The RPM Status LEDs module provides visual RPM feedback using the per-fan RGB LEDs on Rev 3.x boards. Each LED sweeps through a full HSV hue rotation from red (0 RPM) through orange, yellow, and chartreuse to green (full RPM), giving at-a-glance fan health status without checking Home Assistant.

Use this module when you want a quick visual indicator of whether your fans are running and at what relative speed. It pairs with any temperature module — the temperature module controls the fan speed, and the LEDs show you the result.

See the modules overview for a comparison of all available modules.

VariableDefaultDescription
full_rpm"2500"RPM value that maps to fully green LED
brightness"0.5"LED brightness 0.0–1.0
update_interval"1s"LED update frequency
fan1_led_enabled"true"Enable Fan 1 LED
fan2_led_enabled"true"Enable Fan 2 LED
fan3_led_enabled"true"Enable Fan 3 LED
fan4_led_enabled"true"Enable Fan 4 LED

The module reads the RPM sensor for each enabled fan at the configured update_interval (default: every second) and maps the value to a red-to-green HSV hue rotation:

  • 0 RPM — fully red (hue 0°)
  • 25% of full_rpm — orange (hue 30°)
  • 50% of full_rpm — yellow (hue 60°)
  • 75% of full_rpm — chartreuse (hue 90°)
  • full_rpm or above — fully green (hue 120°)

Because the HSV rotation always keeps at least one RGB channel at full output, the LED stays vivid at every point in the range — unlike a linear red/green crossfade which dims to half brightness at midpoint.

LED brightness is configurable via the brightness variable. The module writes directly to the fan1_led through fan4_led partition light entities defined in the Rev 3.x hardware packages. Individual LEDs can be disabled via the fanX_led_enabled variables, leaving those LEDs free for other uses.

This module creates no additional Home Assistant entities.
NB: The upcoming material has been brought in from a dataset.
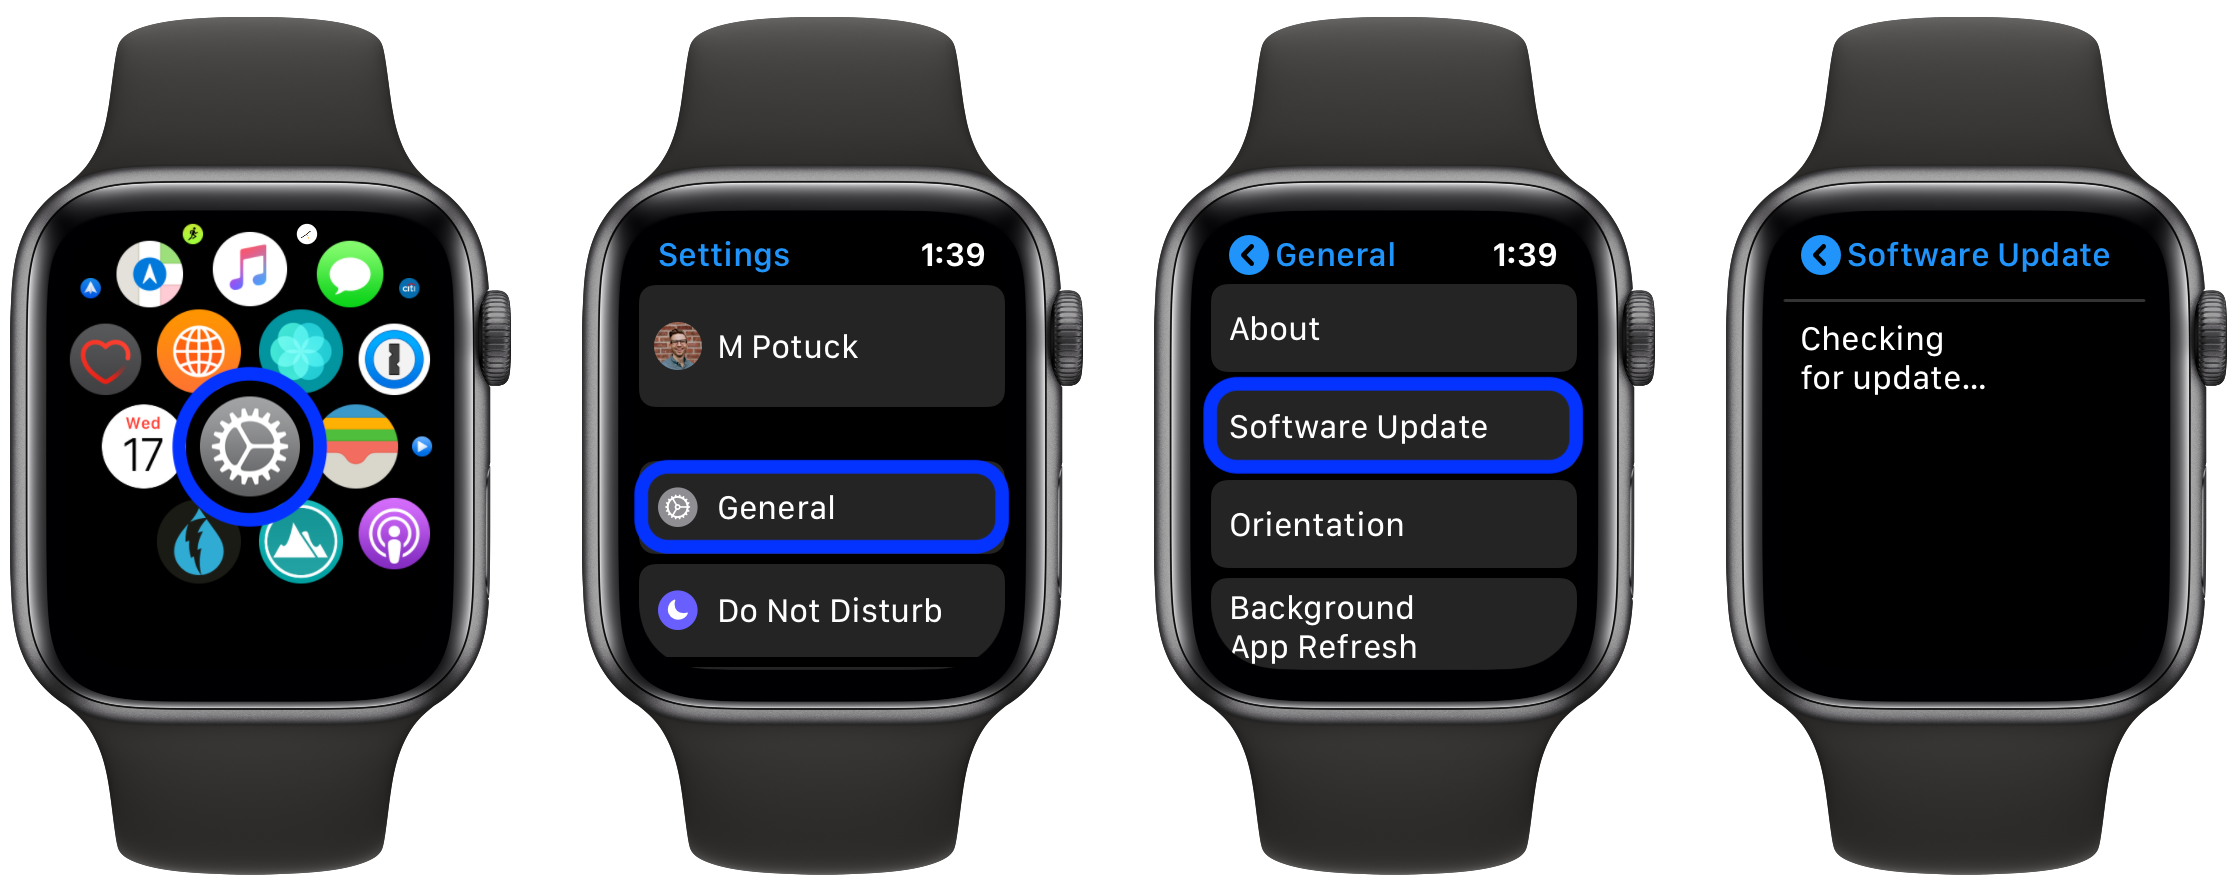 How to update software directly on Apple Watch
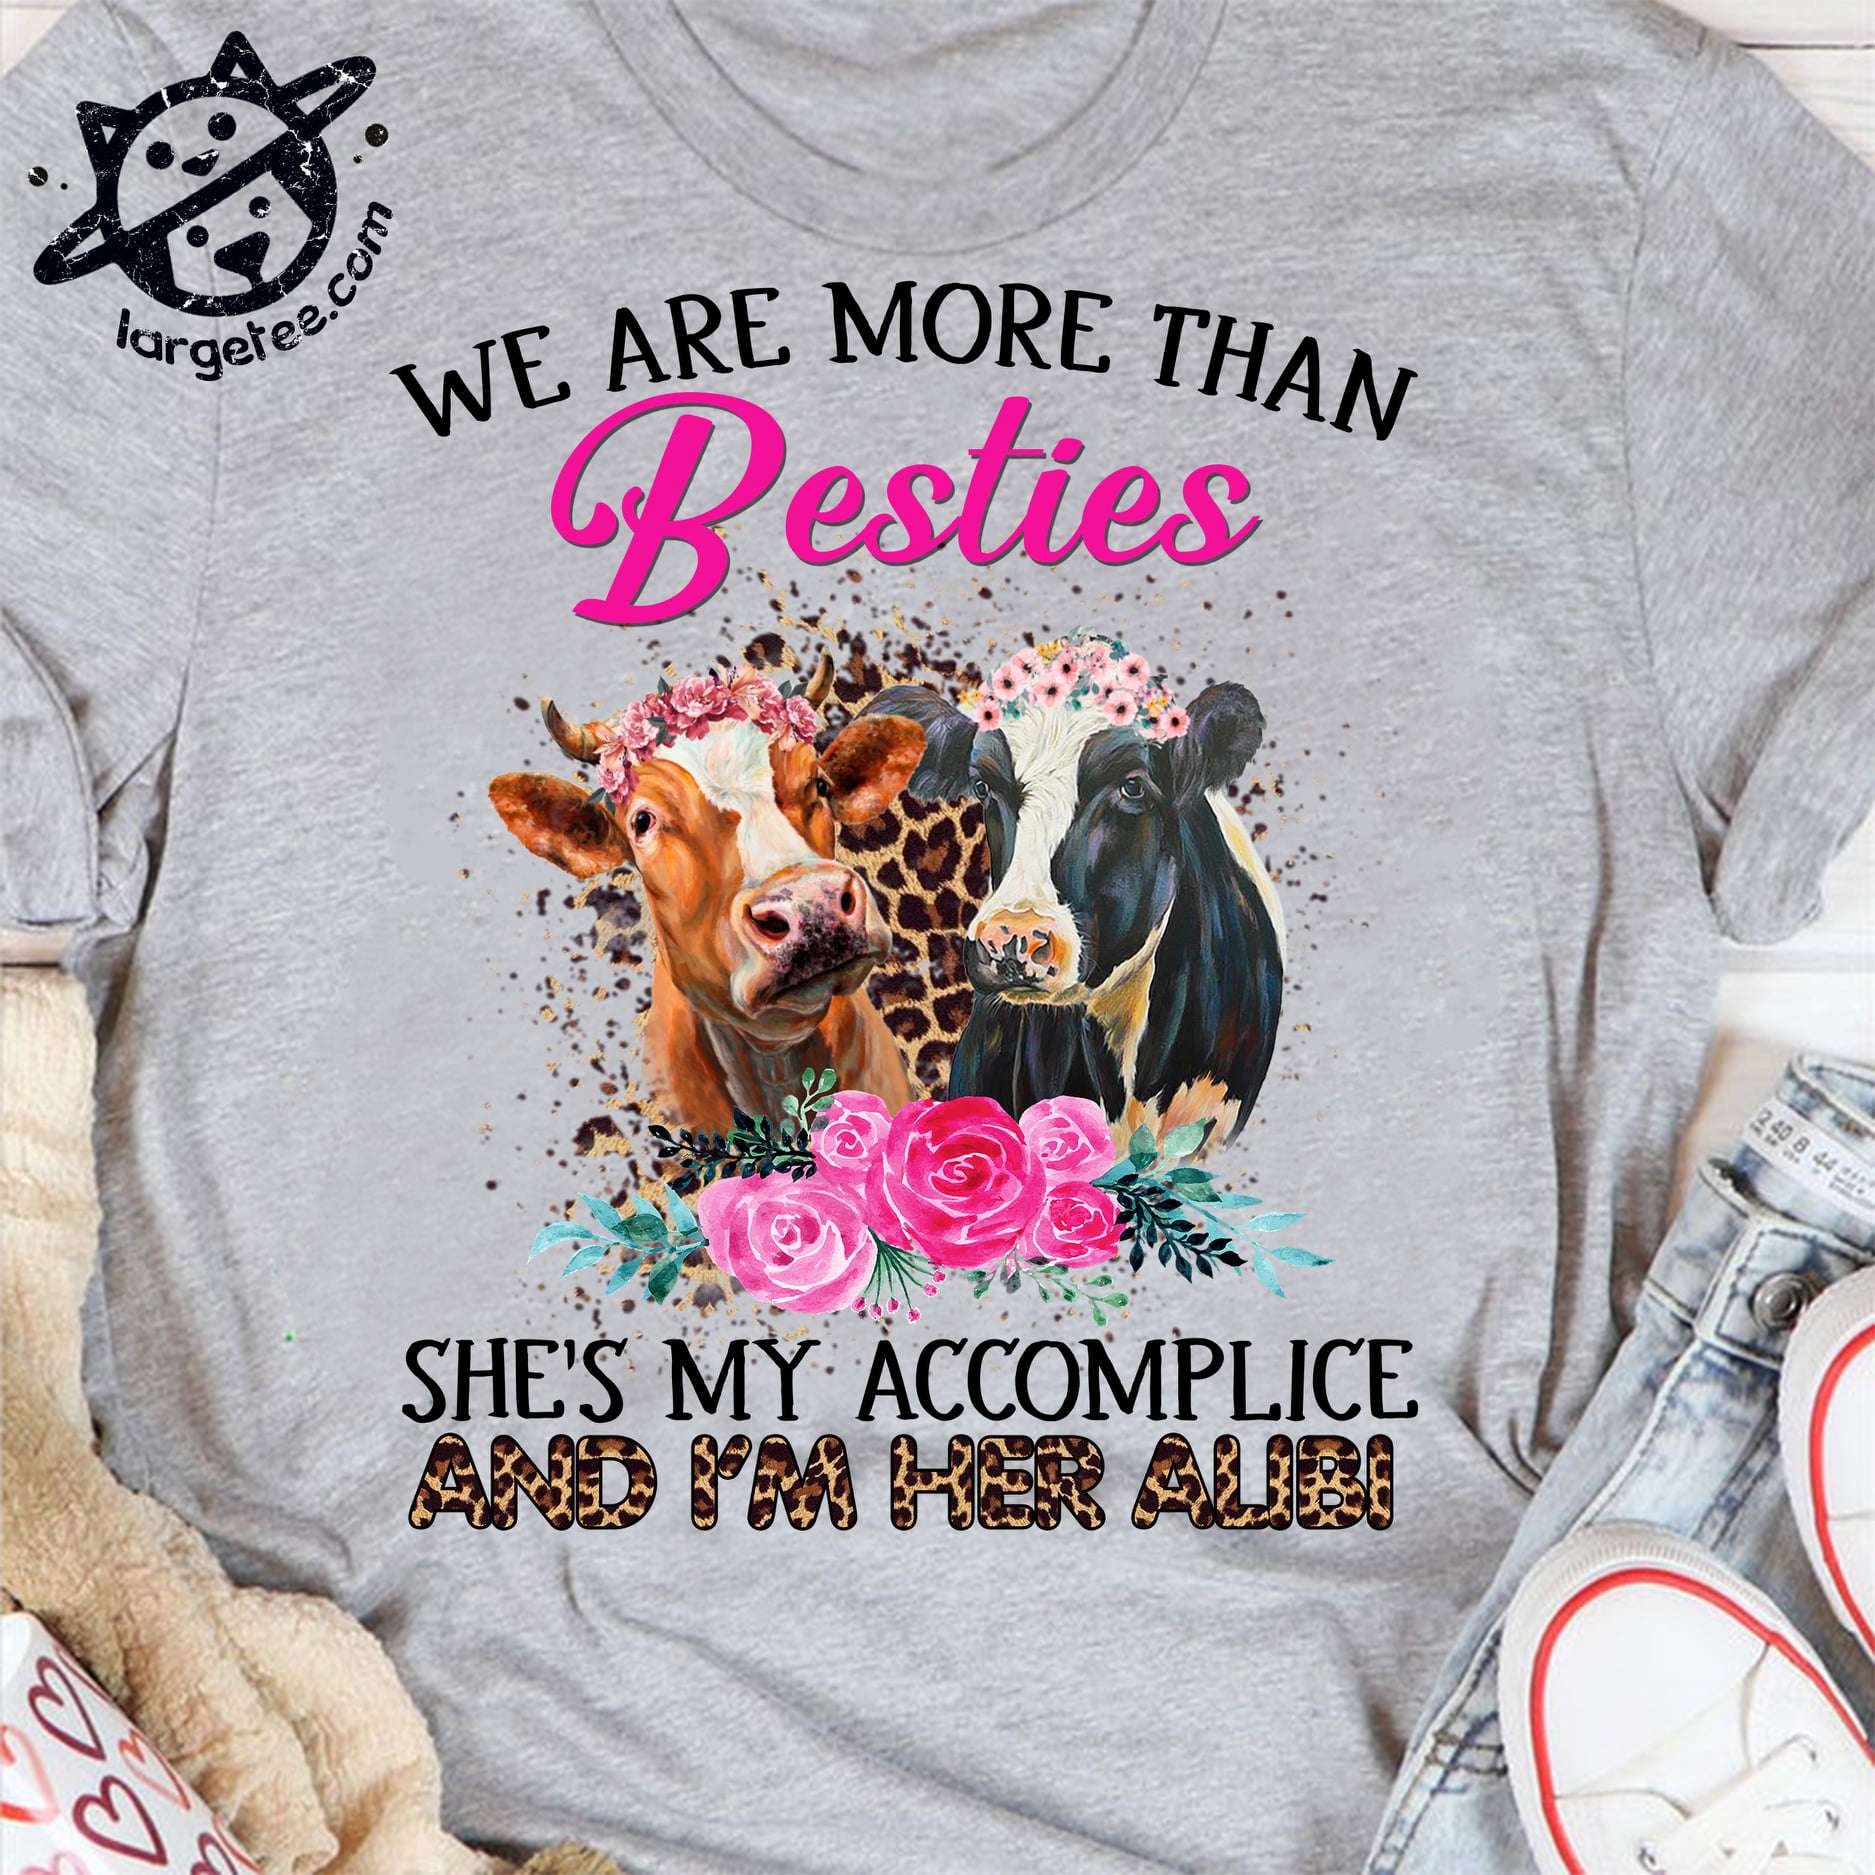 Flower Cows - We are more than besties she's my accomplice and i'm her alibi

It writes directly to the existing LED partition light entities (fan1_led through fan4_led) that are already exposed by the Rev 3.x hardware package.

packages:
rpm_status_leds:
url: https://github.com/zeroflow/wifi-fancontroller
ref: main
files:
- path: modules/rpm_status_leds.yaml
vars:
full_rpm: "2500"
packages:
rpm_status_leds:
url: https://github.com/zeroflow/wifi-fancontroller
ref: main
files:
- path: modules/rpm_status_leds.yaml
vars:
full_rpm: "2500"
brightness: "0.2"
fan3_led_enabled: "false"
fan4_led_enabled: "false"

Reduce the update frequency to save resources if rapid LED changes aren’t needed:

packages:
rpm_status_leds:
url: https://github.com/zeroflow/wifi-fancontroller
ref: main
files:
- path: modules/rpm_status_leds.yaml
vars:
update_interval: "5s"

For fans with a lower maximum RPM, set full_rpm to match so the color gradient scales correctly:

packages:
rpm_status_leds:
url: https://github.com/zeroflow/wifi-fancontroller
ref: main
files:
- path: modules/rpm_status_leds.yaml
vars:
full_rpm: "1500"
  1. Set full_rpm to your fans’ actual maximum RPM for accurate color representation. Check the fan datasheet or observe the maximum RPM reading in Home Assistant with fans set to 100% speed.
  2. If LEDs always show green, your full_rpm value is set too low — the fans are exceeding it. Increase full_rpm to match the actual top speed.
  3. If LEDs always show red or orange, your full_rpm may be set too high, or the fans are running slowly. Check that the fans are receiving adequate power and that the PWM signal is set above 0%.
  4. Reduce brightness in dark environments to avoid glare. Values around 0.1-0.2 work well for enclosed spaces.